Hello there and happy RevMo (even if I am a bit late to the reviewing party)! I, a bold Knight of the Green Room, am here today to review you.
With that said, first impressions first, I noticed that the lines of your poem are quite a bit spaced out, and it looks like you've run into a formatting snafu with the text editor. There are a few ways to fix this, and this article goes over multiple methods in-depth, though this one is also really good.
It might seem like a little thing, but fixing up the spacing of your poem will really help make a solid first impression, and as we readers are fickle creatures, first impressions are quite important.
Which brings me to the title. "Memorizing Fields and Figures" made me hope that this was a sciencey poem because fields and figures have different meanings in the sciences, and I am a sucker for both sciencey poems and multiple layers of meaning, so I was a bit disappointed that this poem wasn't either, though that's no fault of the poem.

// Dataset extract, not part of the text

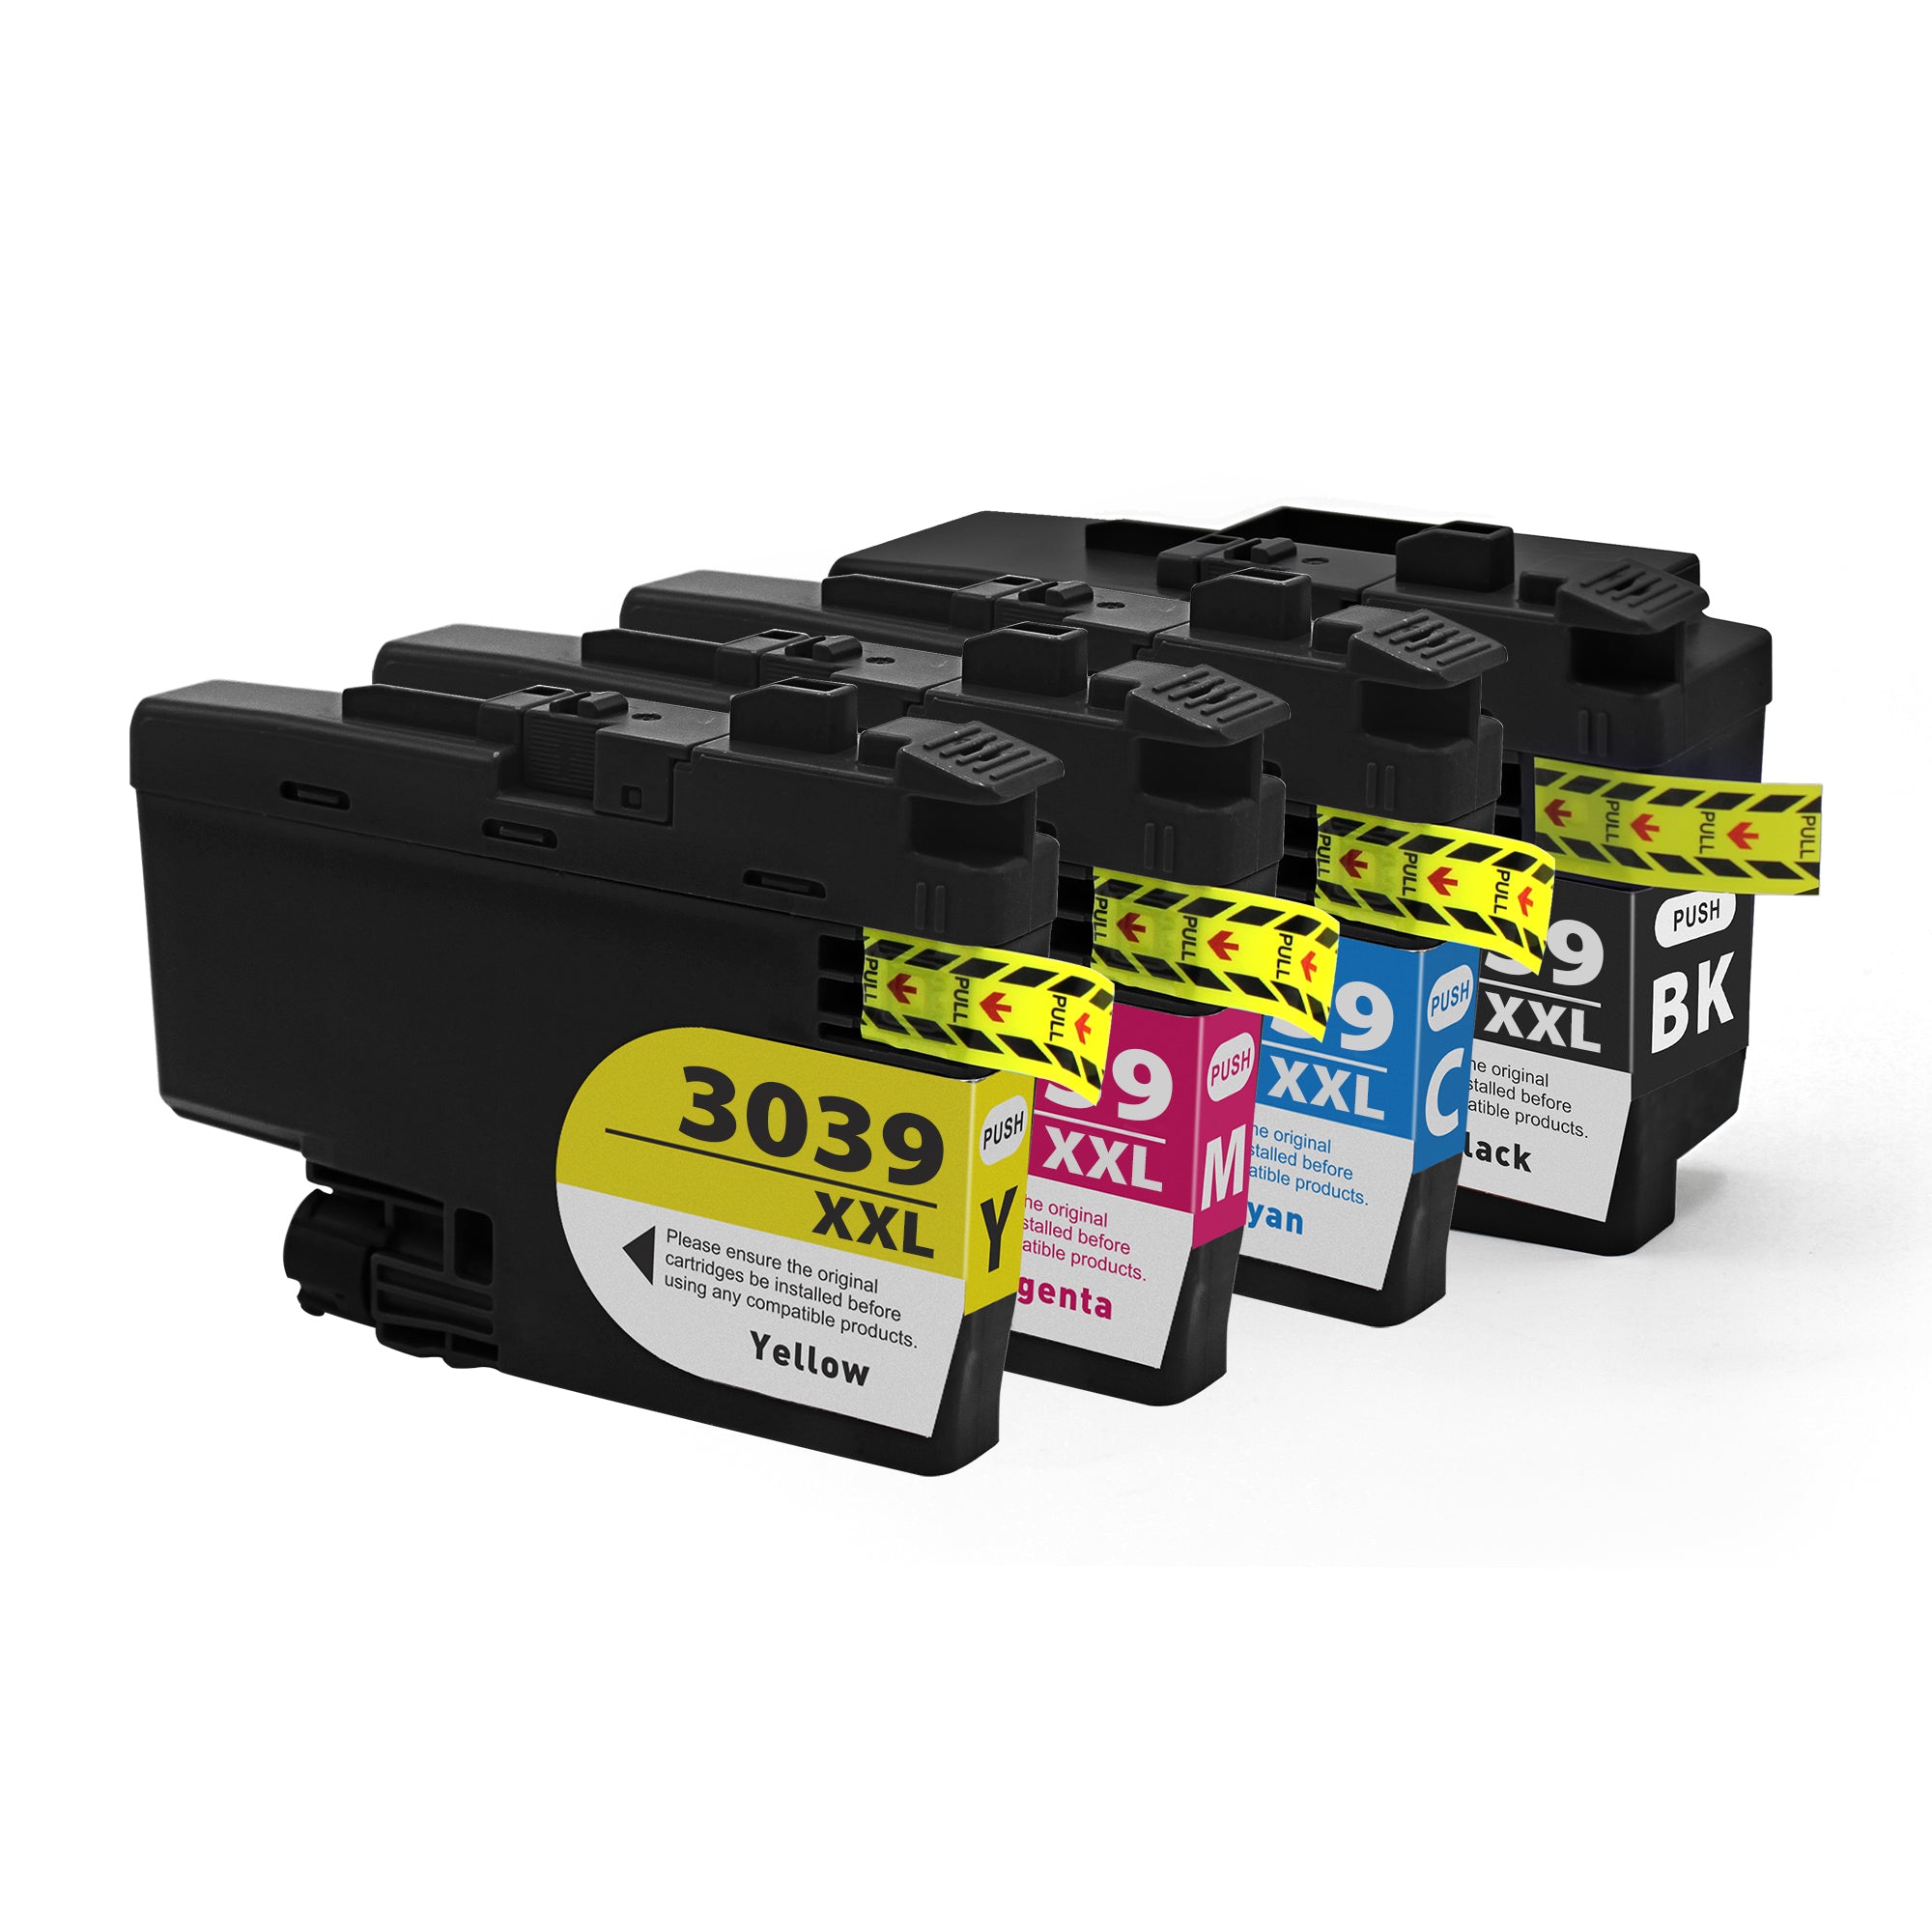 Compatible Brother LC3039 Ink Cartridge Combo Ultra High Yield BK/C/M/Y for use in MFC-J5845DW, MFC-J5845DW XL, MFC-J5945DW, MFC-J6545DW, MFC-J6545DW XL, MFC-J6945DW

(If you do decide to write a poem around the different meanings of fields and figures and sciencey things, let me know because I will love you forever.)
With that all said, the poem overall felt a bit weak, and I suspect it has to do with the ending where you call upon the rather cliched "object of love being wounded by the cruel, cruel world" concept that pervades a lot of romantic media. Up until that point, you were working towards some interesting plays on some equally cliched concepts (I particularly liked the planting images one), and they were all related to growing and plants, which made the jump to wounds and cruelty all the more jarring.
I'd recommend focusing your images and ideas more around the theme of plantlife you already have going, and playing around a bit more with them so that your plays on the more cliched turns of phrase are a bit more creative. As it is, this poem shows a start towards a more unique piece, but it could use more work and development to make it stand more strongly on its own instead of relying so heavily on cliched concepts.